Last edited by Ballbreaker on Mon Aug 15, 2005 7:20 am; edited 1 time in total

----------

## Finswimmer

Hi!

Du brauchst die neuesten Alsa-Driver, bei mir, alsa-driver-1.0.9rc4a.

und unter /etc/modules.conf

trägst du Folgendes ein:

# ALSA portion

alias char-major-116 snd

# OSS/Free portion

alias char-major-14 soundcore

# OSS/Free portion - card #1

alias sound-service-0-0 snd-mixer-oss

alias sound-service-0-1 snd-seq-oss

alias sound-service-0-3 snd-pcm-oss

alias sound-service-0-8 snd-seq-oss

alias sound-service-0-12 snd-pcm-oss

##  OSS/Free portion - card #2

## alias sound-service-1-0 snd-mixer-oss

## alias sound-service-1-3 snd-pcm-oss

## alias sound-service-1-12 snd-pcm-oss

alias /dev/mixer snd-mixer-oss

alias /dev/dsp snd-pcm-oss

alias /dev/midi snd-seq-oss

options snd cards_limit=1

in /etc/make.conf:

ALSA_CARDS="hda-intel"

und dann sollte es gehen.

Ciao Tobi

----------

## Ballbreaker

Danke für den Tip, hat aber leider auch nicht funktioniert. Ist wieder genau dasselbe wie vorher: alsamixer zeigt sämtliche Regler, xmms spielt völlig ohne Fehlermeldungen ab, aber es kommt kein einziger Ton aus den Lautsprechern.

Einen Hardware-Fehler kann man ausschließen, da der Sound unter Windows einwandfrei funktioniert  :Confused: 

----------

## Finswimmer

Wenn du die alsadriver verwendest, darf alsa nicht fest einkompiliert sein.

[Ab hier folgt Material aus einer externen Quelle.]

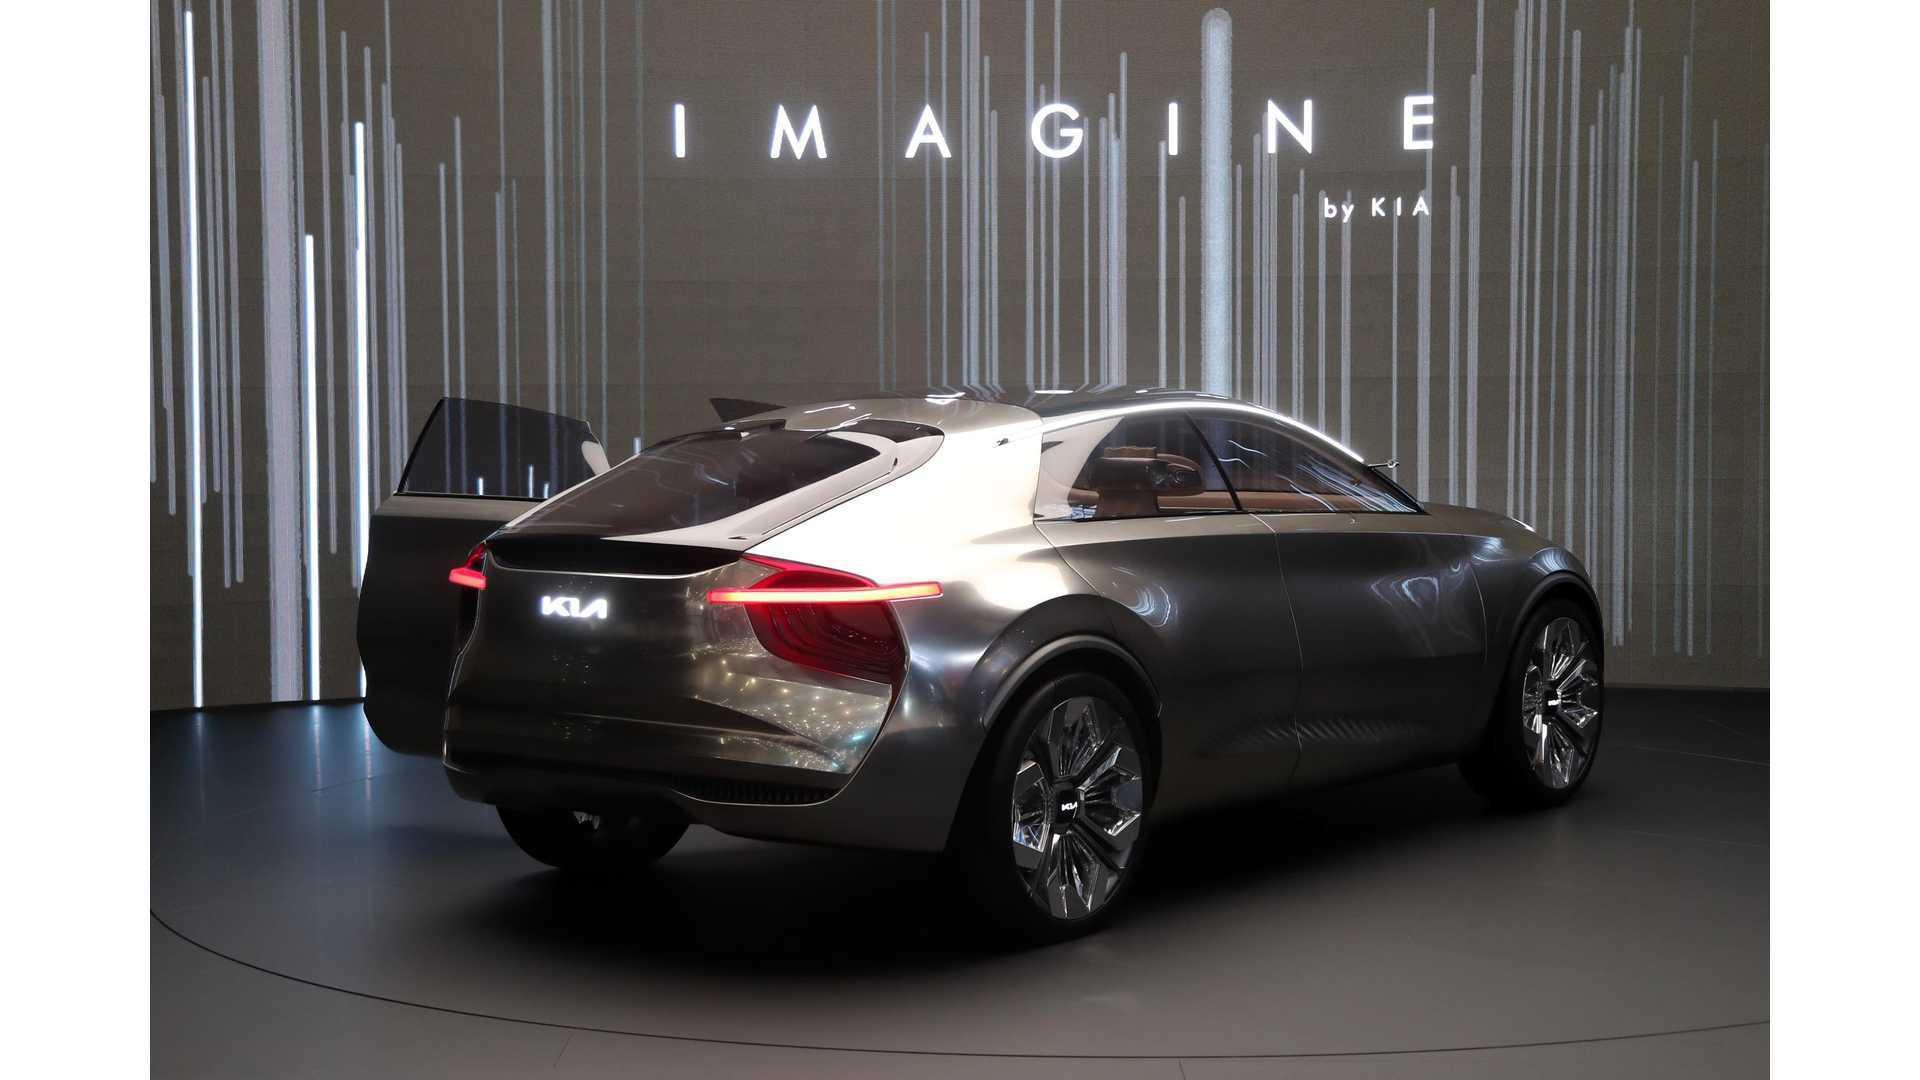 https://cdn.motor1.com/images/mgl/jJzNe/s6/kia-imagine-concept.jpg

Und: hast du mal alsaconf eingegeben?

Ich habe nämlich exakt dieselbe Karte. Und bei mir gehts ohne Probleme.

Ciao Tobi

----------

## _hephaistos_

 *Finswimmer wrote:*   

> Und: hast du mal alsaconf eingegeben?

 

ganz genau! soferns tools gibt, immer tools verwenden und nicht selber in den configs herumpfuschen!

vor allem: wenn du das wiedermal machst, weißt du dann noch die config einträge? eher nein, aber dass "alsaconf" dasselbe macht - weißt du wohl schon noch....  :Smile: 

----------

## psyqil

 *hephaistos6 wrote:*   

> soferns tools gibt, immer tools verwenden und nicht selber in den configs herumpfuschen!

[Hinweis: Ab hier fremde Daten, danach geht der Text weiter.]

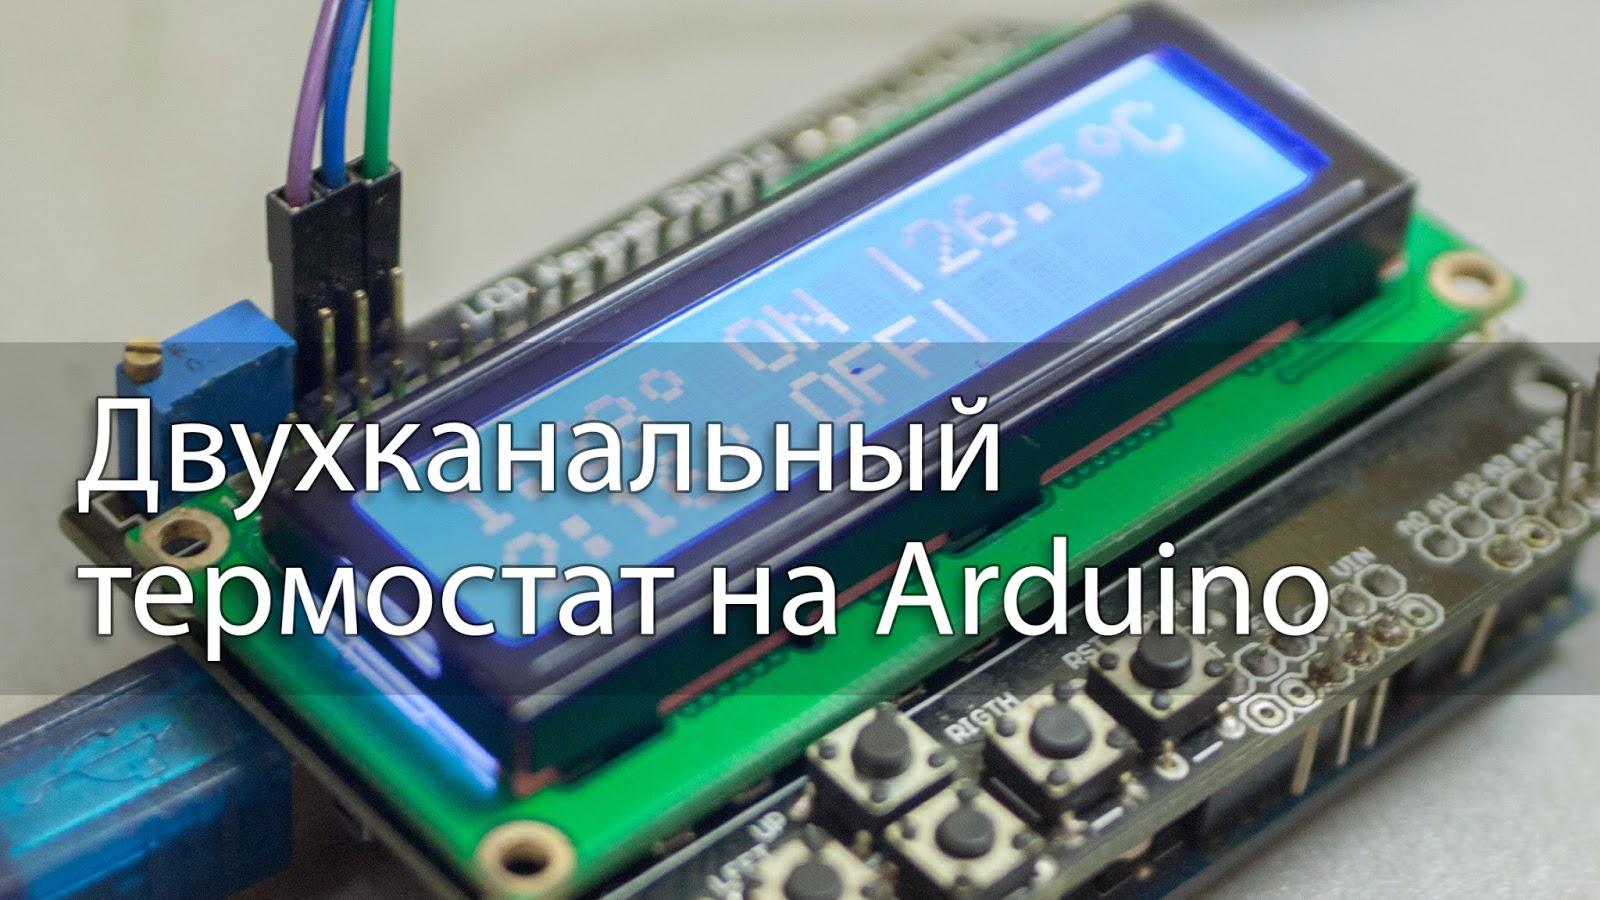 http://arrduinolab.blogspot.com/2014/09/arduino.html

  :Very Happy:  Ich glaube, so was hab ich hier im Forum noch nie gelesen! Also doch Yast für Gentoo?  :Razz: 

----------

## Ballbreaker

Ich hab vorm kompilieren des alsa-drivers alsa aus dem Kernel entfernt; alsaconf läuft ohne Probleme durch, ändert aber auch nichts an meinem Problem  :Sad: 

Ist nicht das erste mal, daß ich alsa installiere, ich glaub nicht daß ich irgendwas falsch gemacht hab...

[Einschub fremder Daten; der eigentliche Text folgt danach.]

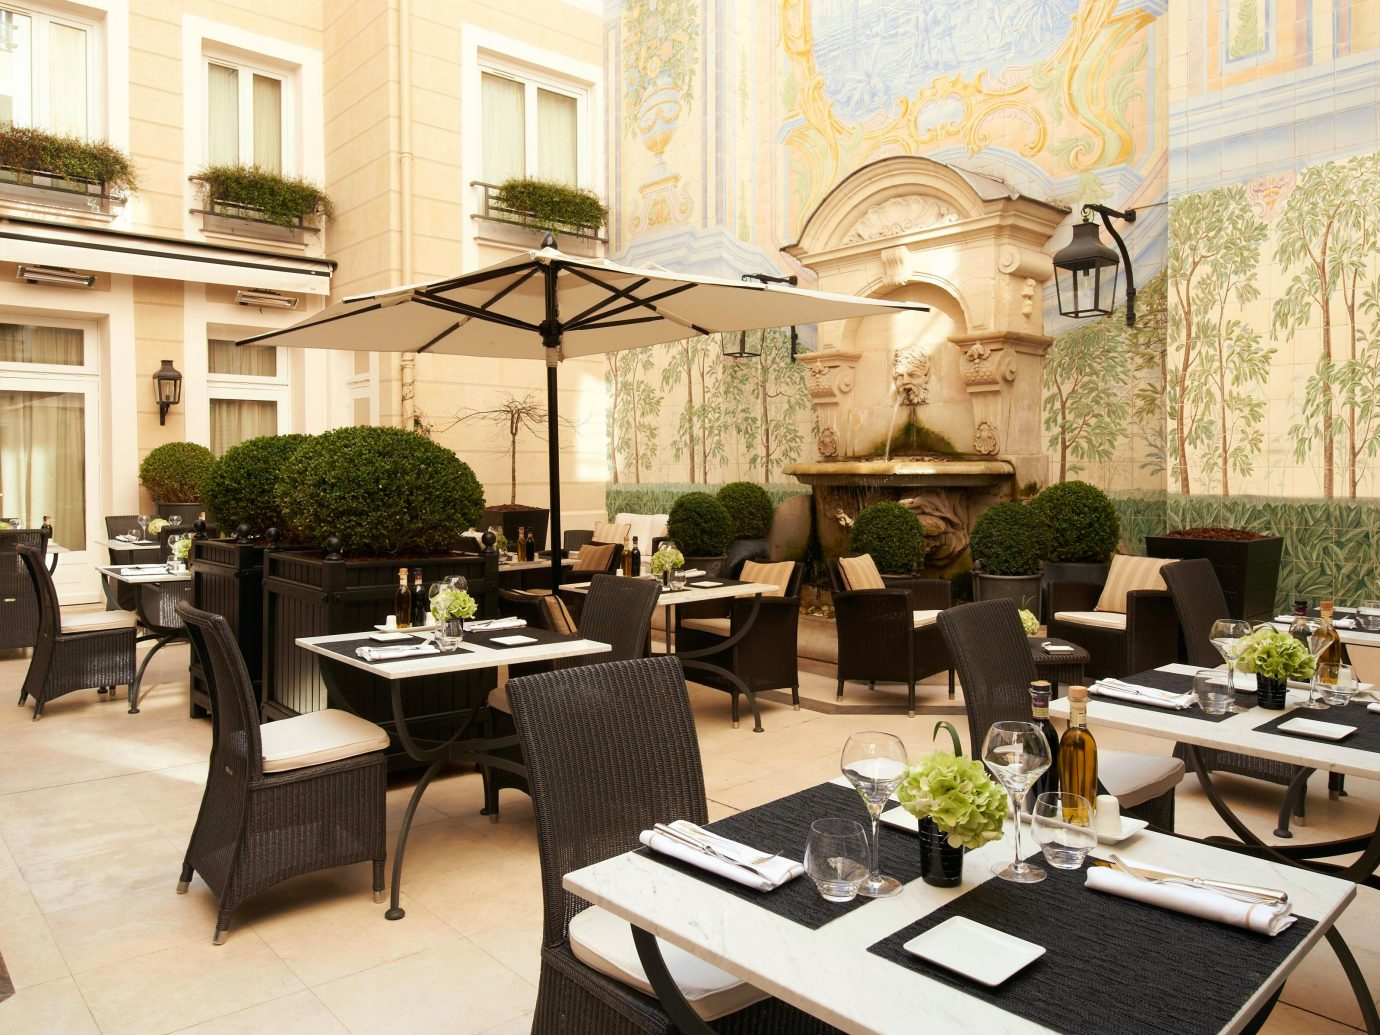 Courtyard of Castille Paris

Hat jemand alsa auf einem vergleichbaren Asus-Notebook zum laufen gebracht? Vielleicht hat asus da irgendwas "verpfuscht" bei der Implementierung des Soundchips auf dem Mainboard? Meins ist ein M5674AUP, das M6000V, W3400V, V6800V, W5600A und S5600A müssten denselben Soundchip haben.

Gruß,

Thomas

----------

## hoschi

Hallo,

das Probleme hatte ich auch, die Lösung ist ganz einfach, der normale Alsa-Treiber für Intel muss auch in den Kernel.

Gruß

Mein unten angegebenes Laptop sollte mich qualifizieren  :Smile: 

PS: Du wirst sicher auch bald feststellen dass dein CD-Rom Laufwerk per S-ATA angebunden ist, ja per S-ATA und deswegen HDPARM zwecklos ist und du alles im Kernel in Sache IDE/ATA rausschmeißen kannst, zumindest wenn ASUS einmal was richtig gemacht hat...ACPI :rolleyes:

Steht alles hier + hilfe zu OpenGL-Beschleunigung: https://forums.gentoo.org/viewtopic-t-300341-start-175.html

----------

## Ballbreaker

 :Question:   :Question:   :Question: 

 *Quote:*   

> das Probleme hatte ich auch, die Lösung ist ganz einfach, der normale Alsa-Treiber für Intel muss auch in den Kernel. 

 

Was meinst Du damit genau? Einen Kernel-Patch oder Intel AC97-support im Kernel? Letzteres hat jedenfalls nicht geholfen.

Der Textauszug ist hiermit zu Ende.